→ **RAW DATA**:
——

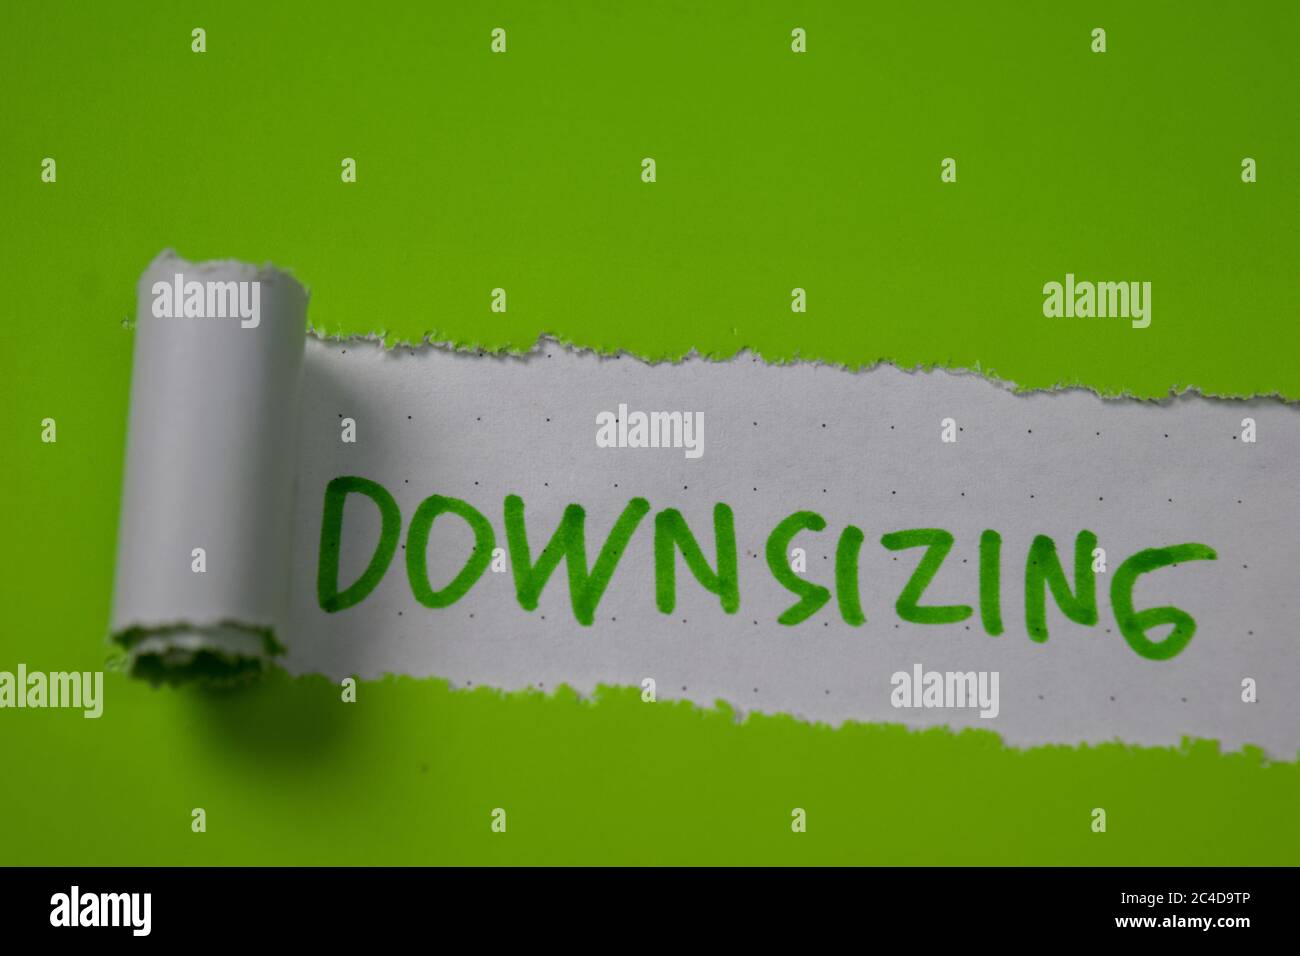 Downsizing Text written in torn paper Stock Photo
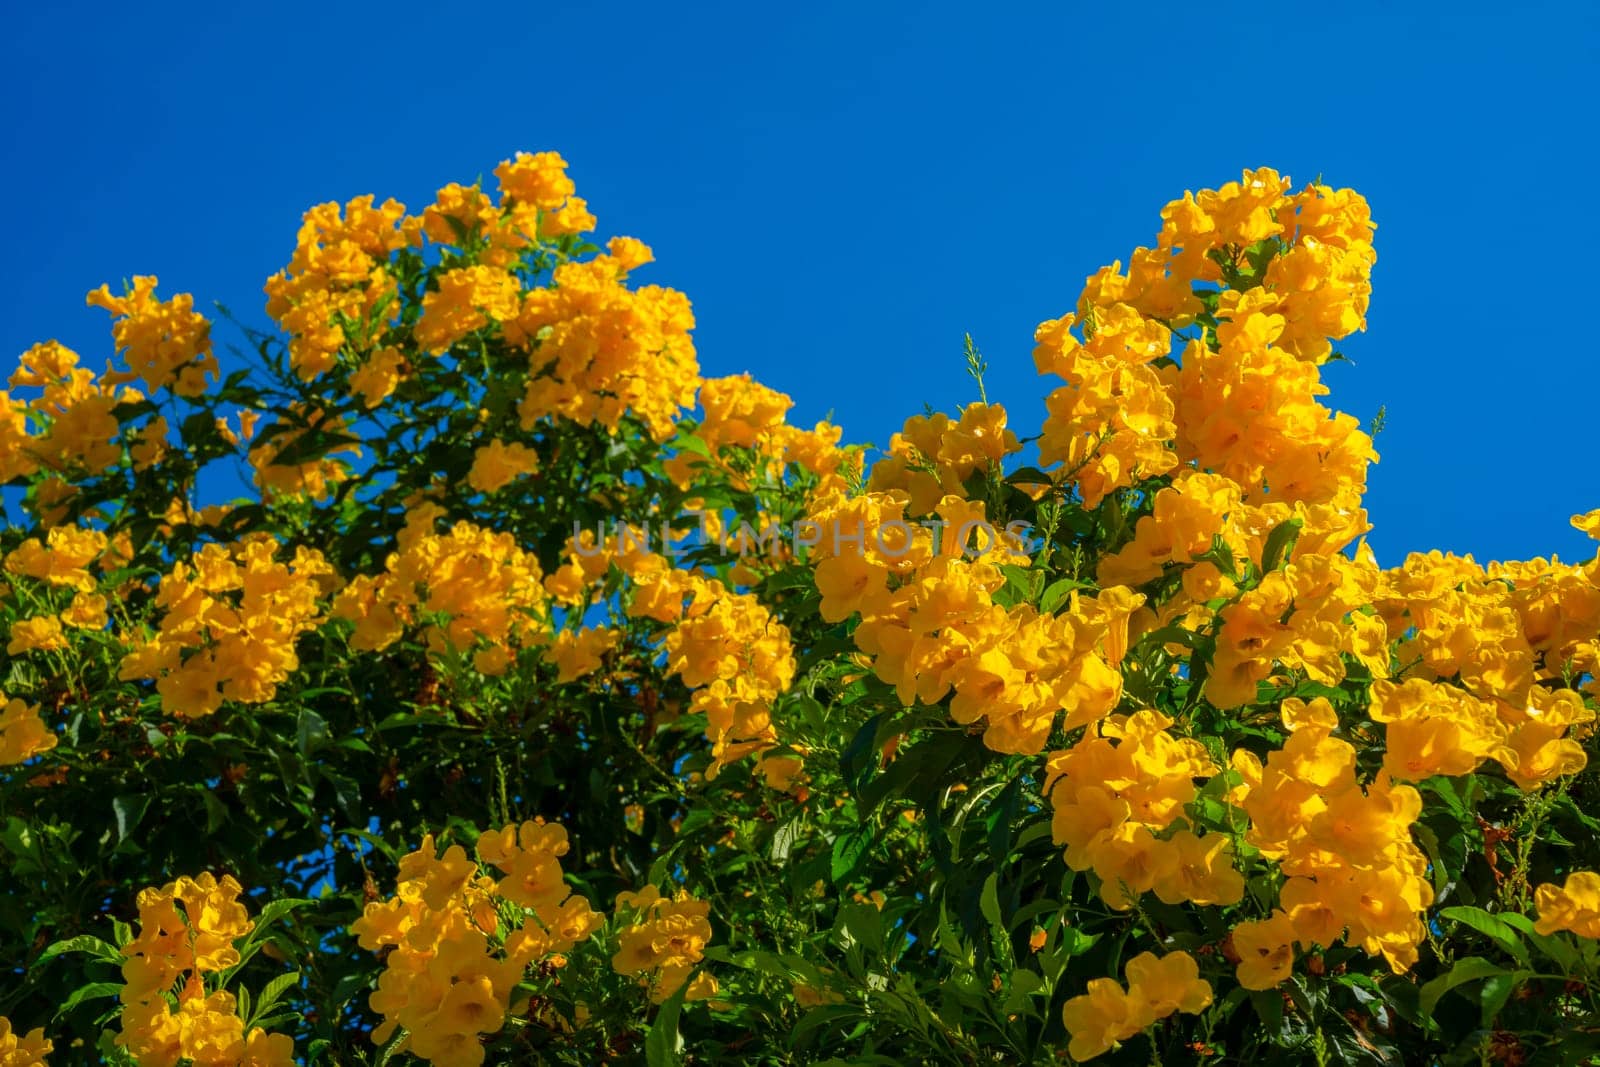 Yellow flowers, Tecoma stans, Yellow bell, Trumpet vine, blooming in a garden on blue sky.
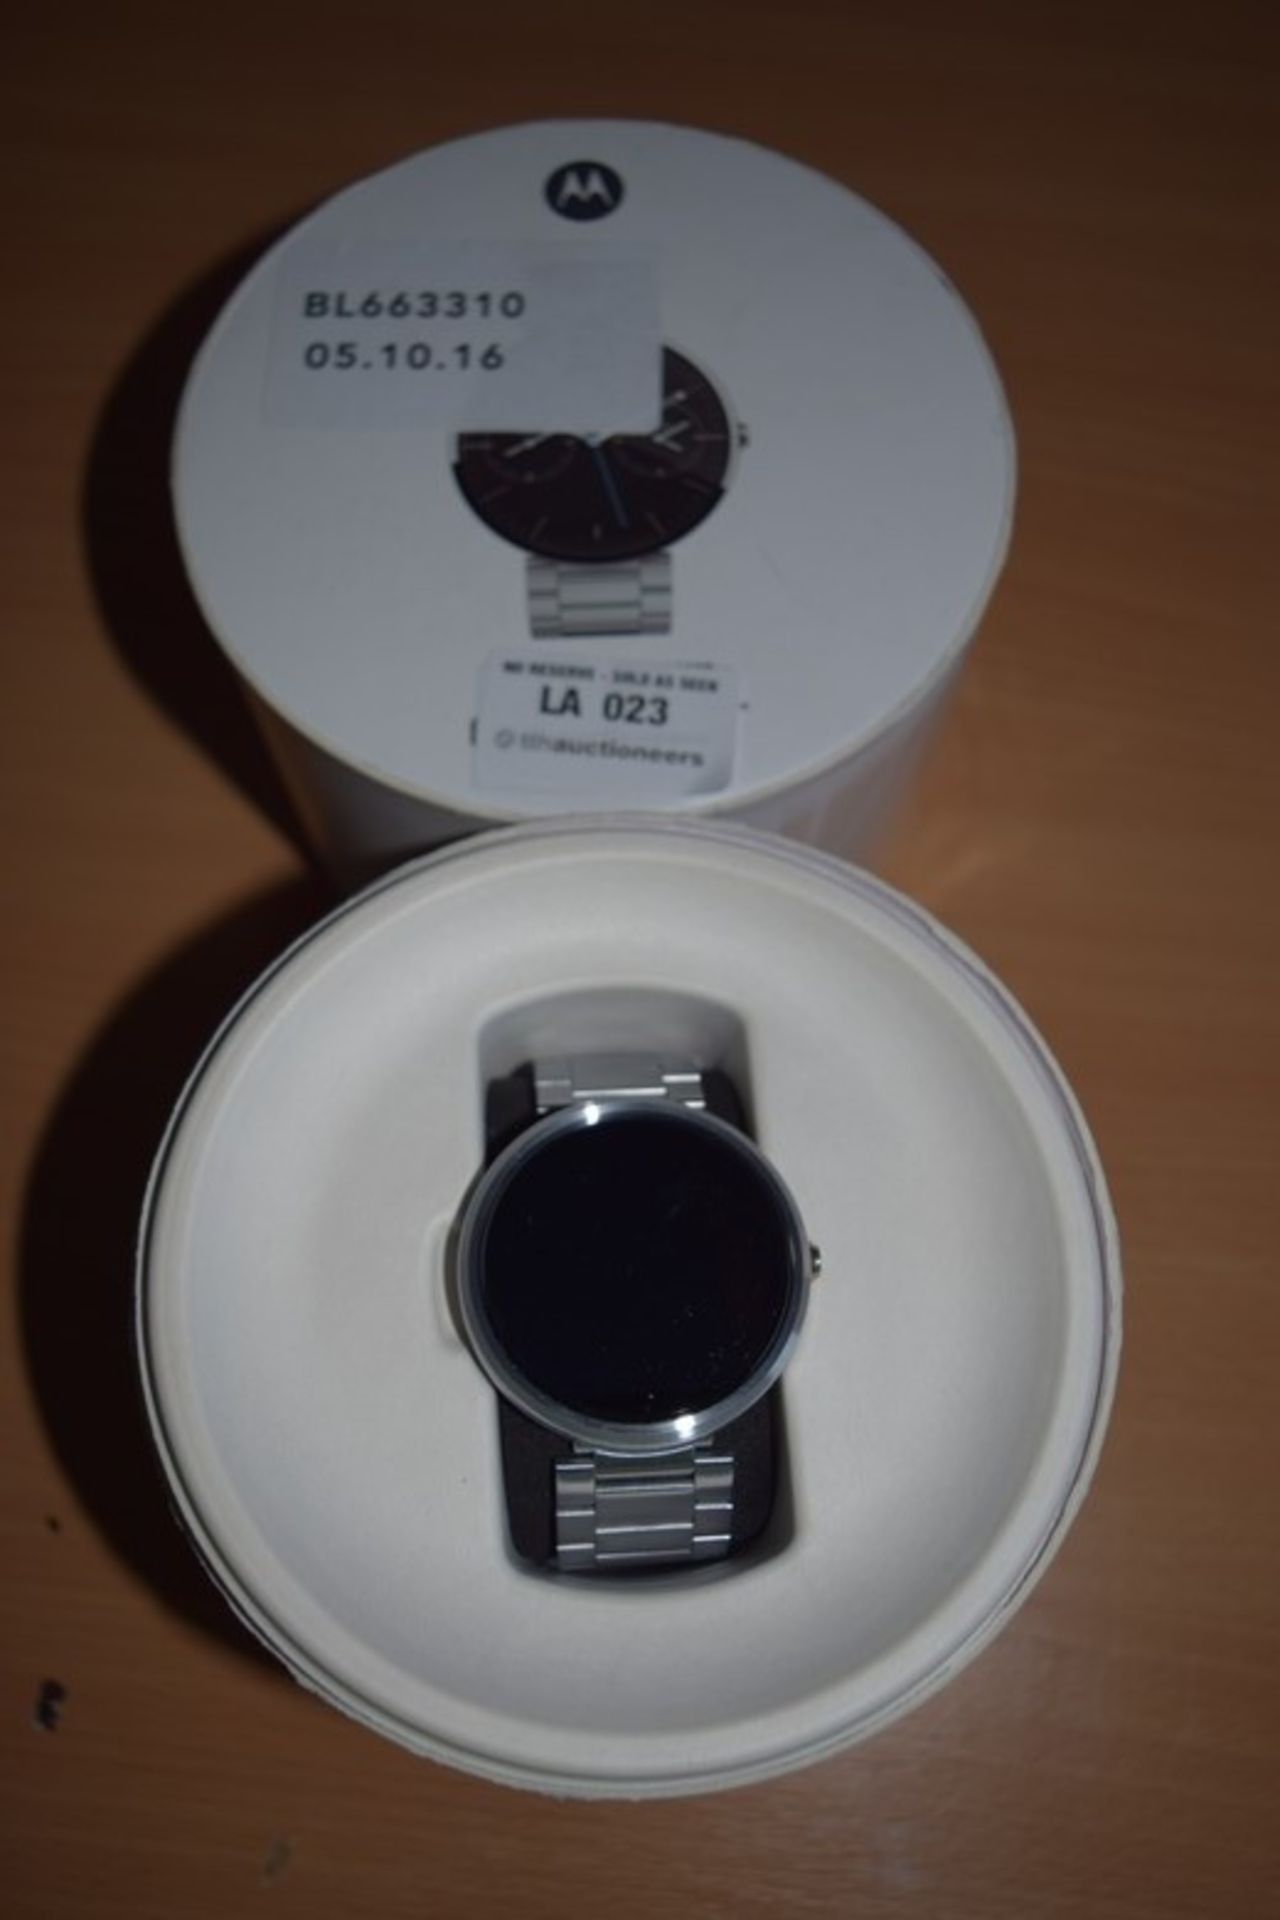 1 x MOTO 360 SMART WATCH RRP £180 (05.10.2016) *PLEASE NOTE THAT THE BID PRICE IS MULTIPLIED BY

——

→ **EXERCISE DESCRIPTION**: Exclude the images, then output the data above word for word.

→ **ANSWER AREA**:
 Downsizing Text written in torn paper Stock Photo
 Yellow flowers, Tecoma stans, Yellow bell, Trumpet vine, blooming in a garden on blue sky.
 1 x MOTO 360 SMART WATCH RRP £180 (05.10.2016) *PLEASE NOTE THAT THE BID PRICE IS MULTIPLIED BY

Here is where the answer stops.